Inducible nonhuman primate models of retinal degeneration for testing end-stage therapies

Abstract

The anatomical differences between the retinas of humans and most animal models pose a challenge for testing novel therapies. Nonhuman primate (NHP) retina is anatomically closest to the human retina. However, there is a lack of relevant NHP models of retinal degeneration (RD) suitable for preclinical studies. To address this unmet need, we generated three distinct inducible cynomolgus macaque models of RD. We developed two genetically targeted strategies using optogenetics and CRISPR-Cas9 to ablate rods and mimic rod-cone dystrophy. In addition, we created an acute model by physical separation of the photoreceptors and retinal pigment epithelium using a polymer patch. Among the three models, the CRISPR-Cas9-based approach was the most advantageous model in view of recapitulating disease-specific features and its ease of implementation. The acute model, however, resulted in the fastest degeneration, making it the most relevant model for testing end-stage vision restoration therapies such as stem cell transplantation.

Fig. 1.. Optogenetic strategy for rod ablation and proof of concept in mouse.

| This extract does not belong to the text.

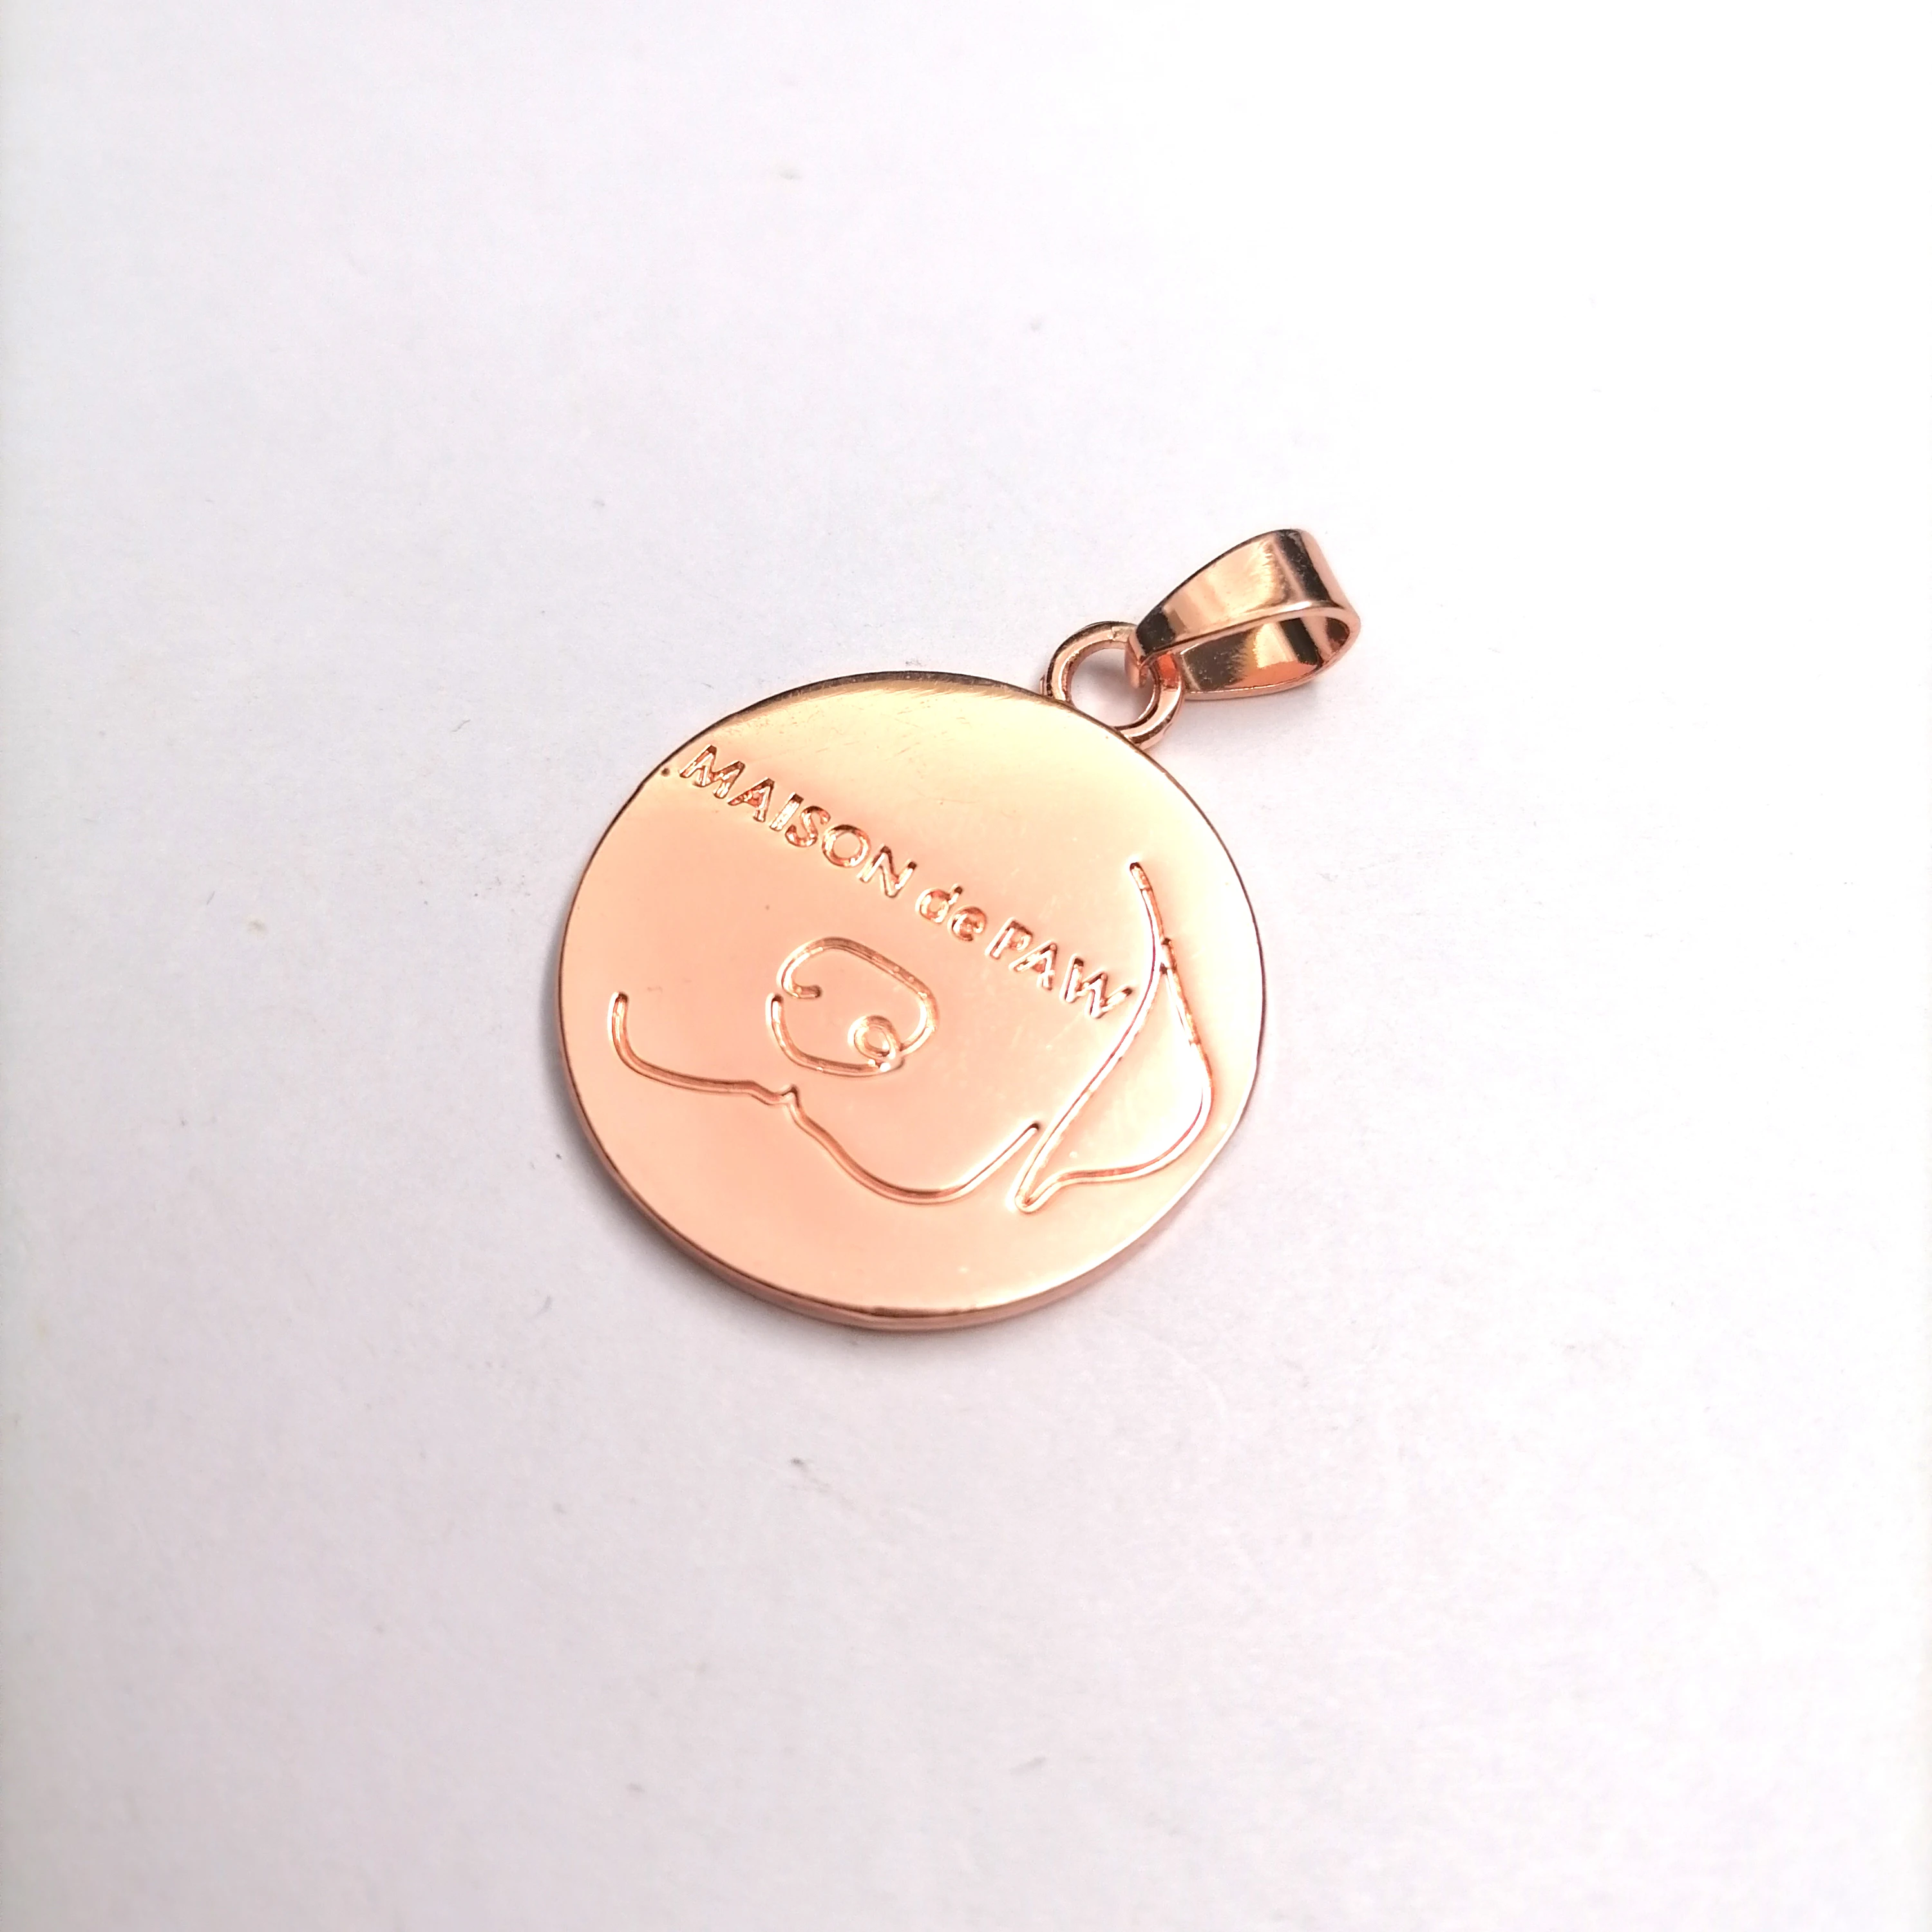 Custom engraved metal plates logo label small round logo pendant jewelry tags

(A) Schematic representation of the experiment protocol—KillerRed under the control of rhodopsin promoter is packaged into AAV vectors and delivered by subretinal injection to the retina and activation of KR by light results in toxicity. (B) Immunolabeling of retinal flatmounts of KR-injected mice with KR (red), rhodopsin (green), DAPI (blue), and overlay of the three channels. Images are acquired at the level of the segments and the ONL. (C) Immunolabeling of the retinal section from the KR-injected eye with KR (red), short-wavelength opsin (green), and DAPI (blue). (D to G′) Fundus images (D and D′), fundus images in the red channel (E and E′), eye OCT (F and F′), and retinal OCT (G and G′) in KR-injected (control) (D to G) and KR-injected and illuminated mice (D′ to G′). The red dotted line demarcates the injected area, and the white dotted line demarcates the area of damage after illumination. (H) Immunolabeling of retinal flatmount from KR-injected and illuminated mice. Region of degeneration is demarcated by the dotted white line. (I to J′) KR immunolabeling of retina from KR-injected (KR) (I and I′) and KR-injected and illuminated mice (KR + Illu) (J and J′). (K) Scotopic a- and b-wave amplitudes and photopic b-wave amplitude shown as a function of stimulus intensity (x axis) from mice before illumination (gray bars) and 4 months after illumination (red bars); all values are shown as mean ± SD for N = 12 eyes. Scale bars, 50 μm. ONL, outer nuclear layer, OCT, optical coherence tomography.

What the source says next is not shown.